=== Activity ===
Everything from the line containing "Wörterbuch der Psychologie" to the end of the listing, both included, should be returned exactly, apart from the pictures.

=== Data extract ===
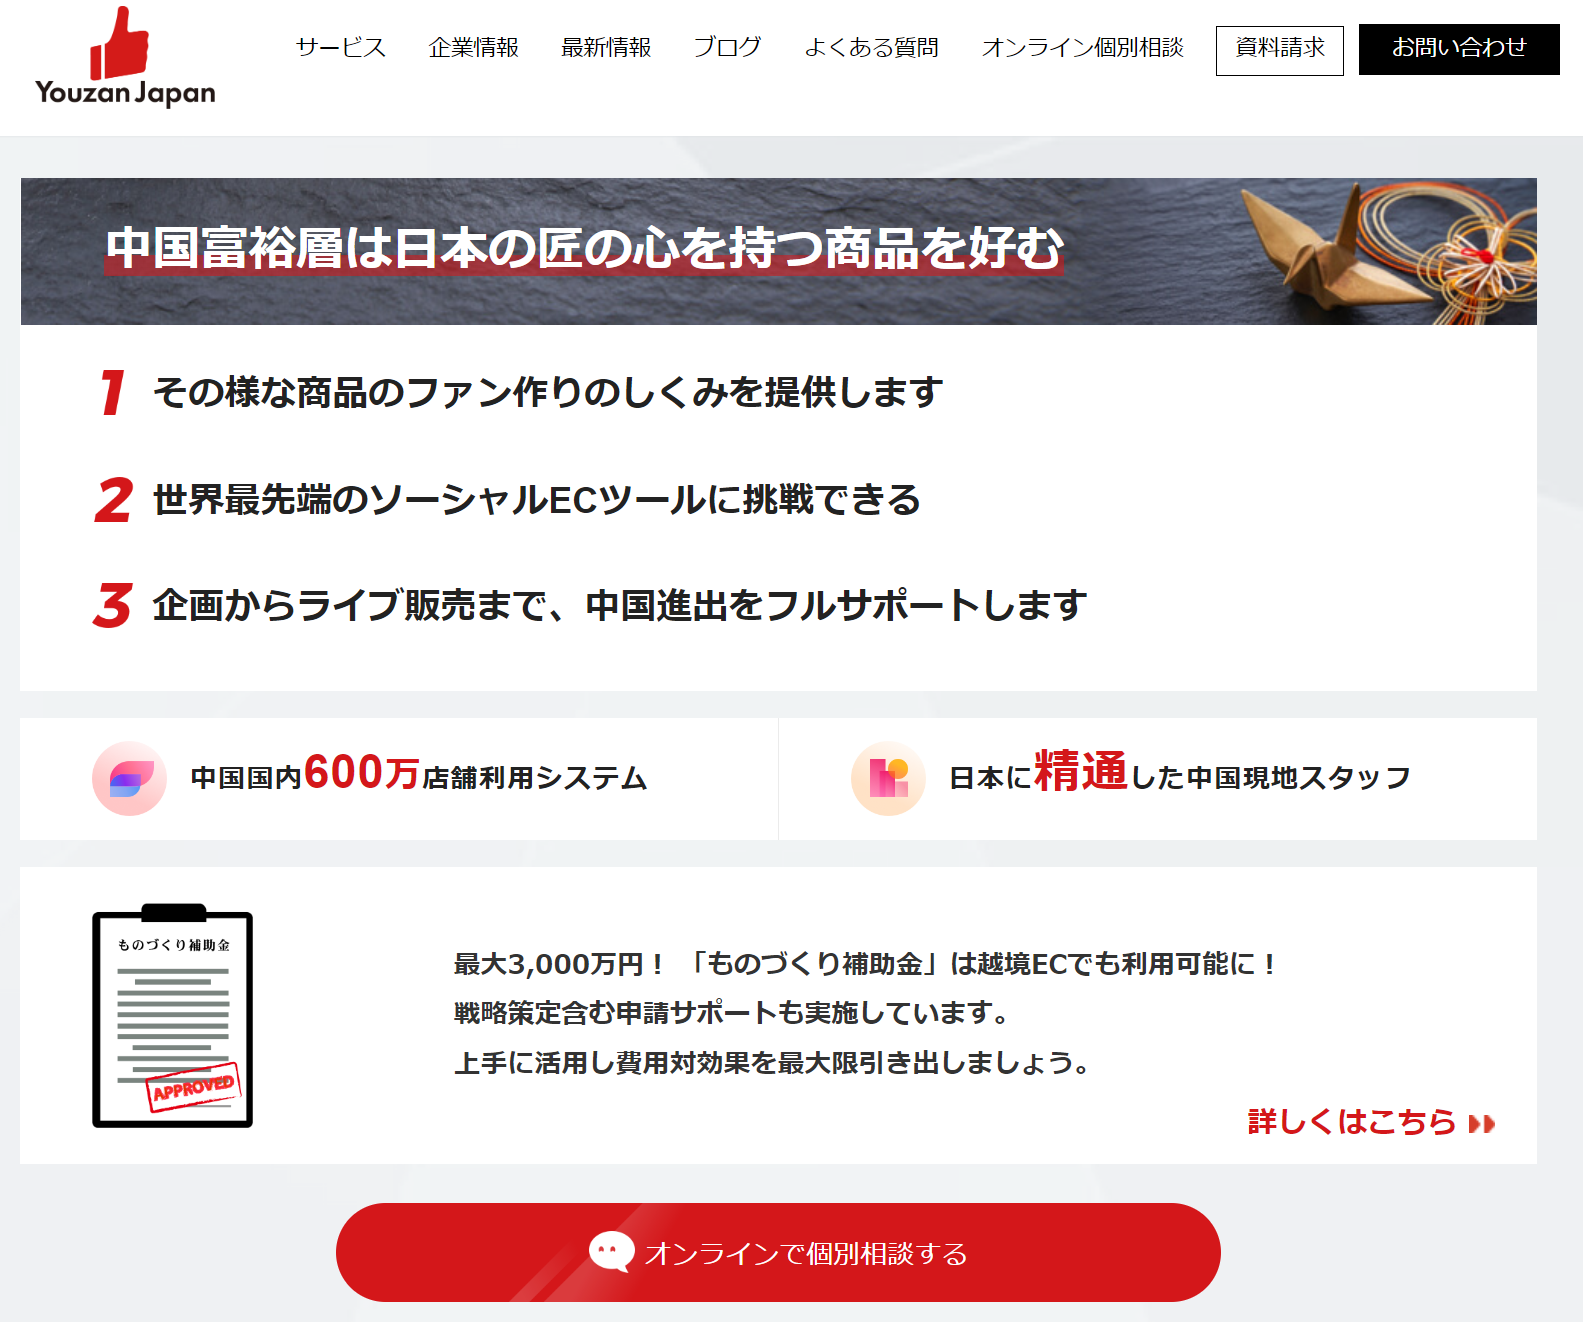 株式会社Youzan Japanの越境EC支援ページのキャプチャ
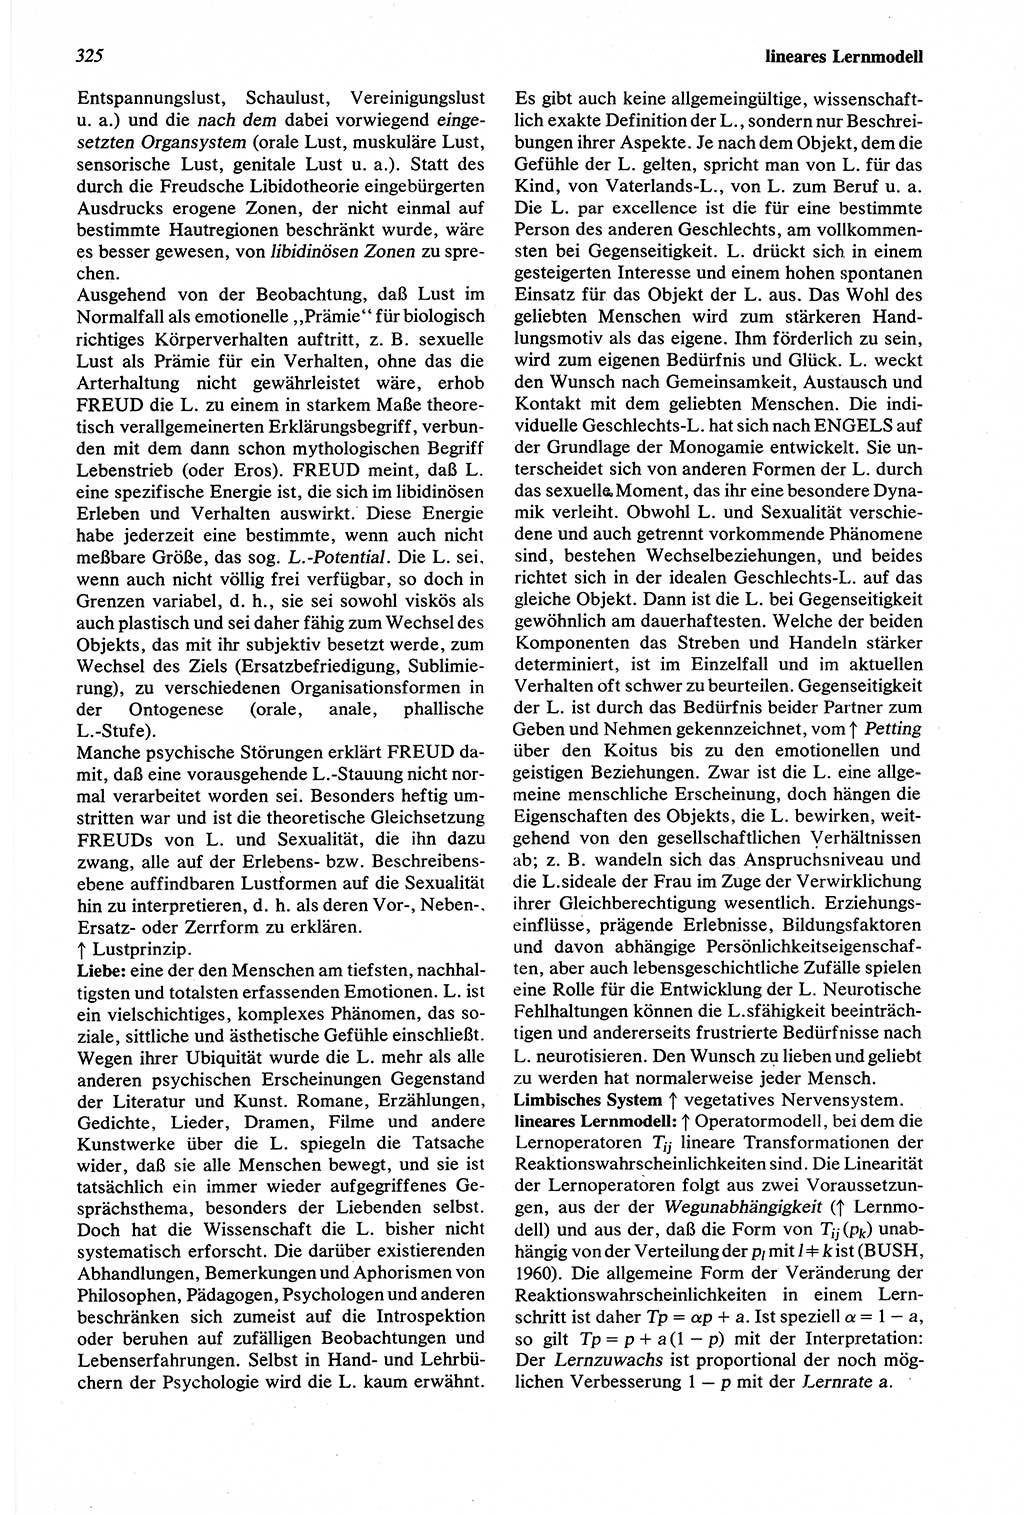 Wörterbuch der Psychologie [Deutsche Demokratische Republik (DDR)] 1976, Seite 325 (Wb. Psych. DDR 1976, S. 325)
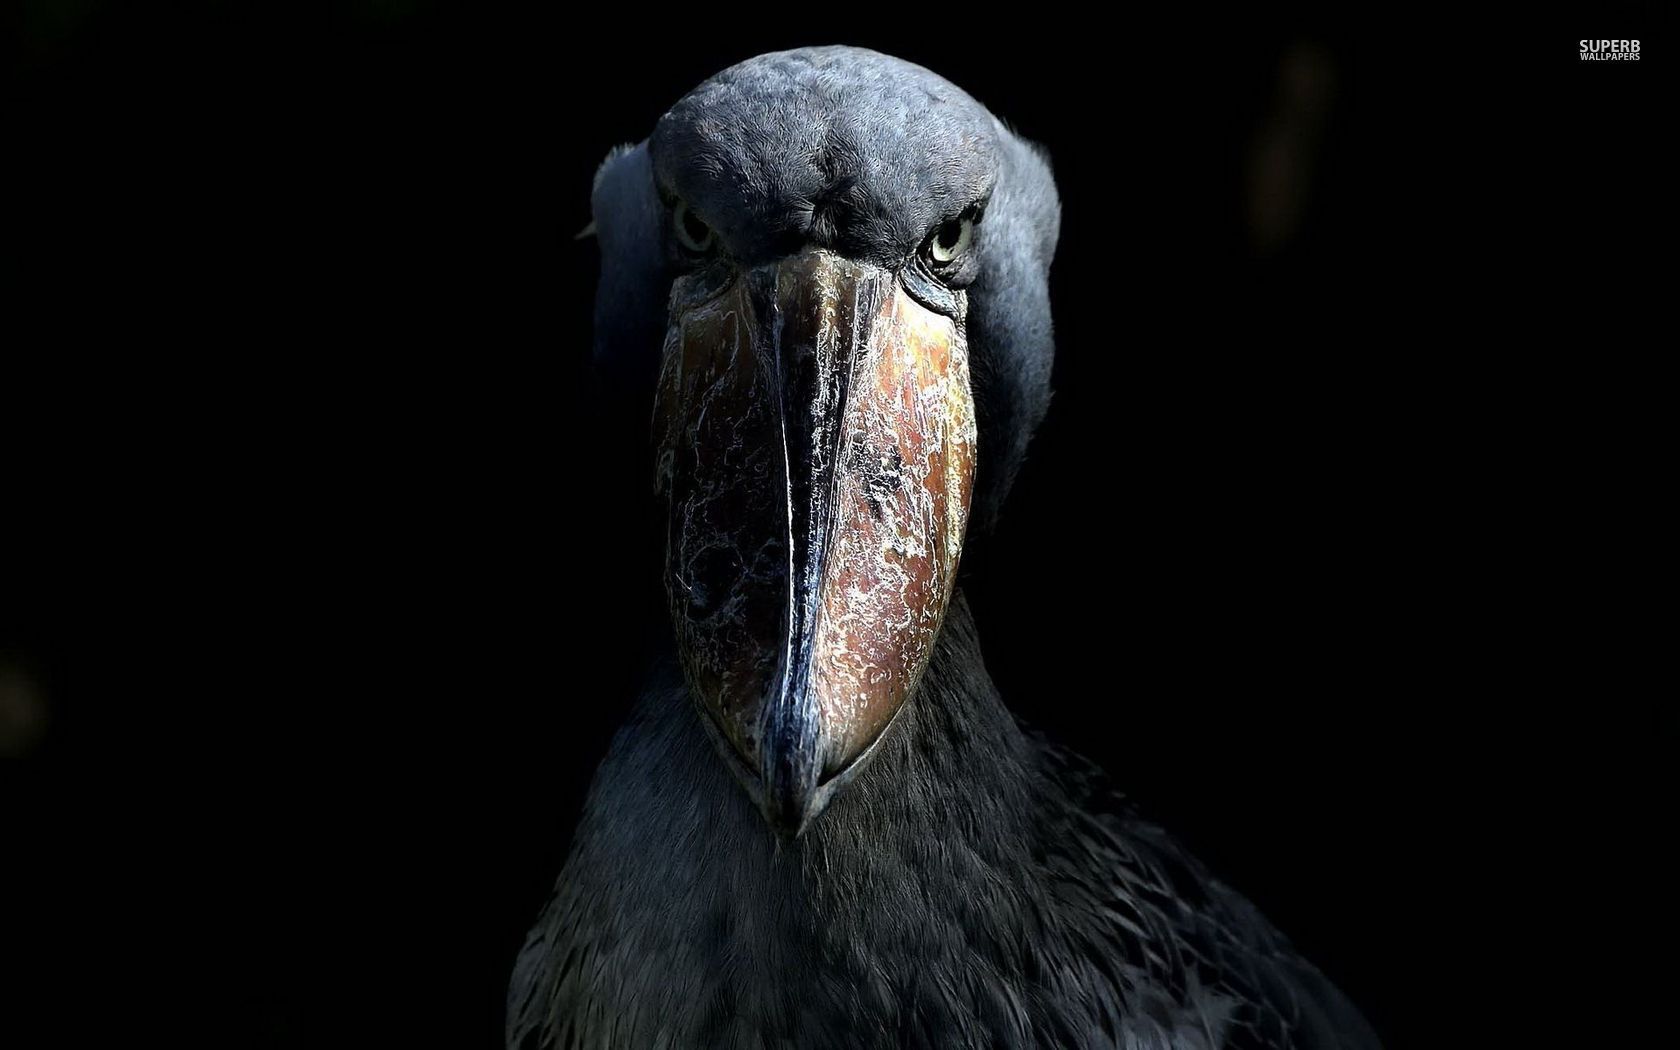 the shoebill stork

=== Output ===
 Wörterbuch der Psychologie [Deutsche Demokratische Republik (DDR)] 1976, Seite 325 (Wb. Psych. DDR 1976, S. 325)
 the shoebill stork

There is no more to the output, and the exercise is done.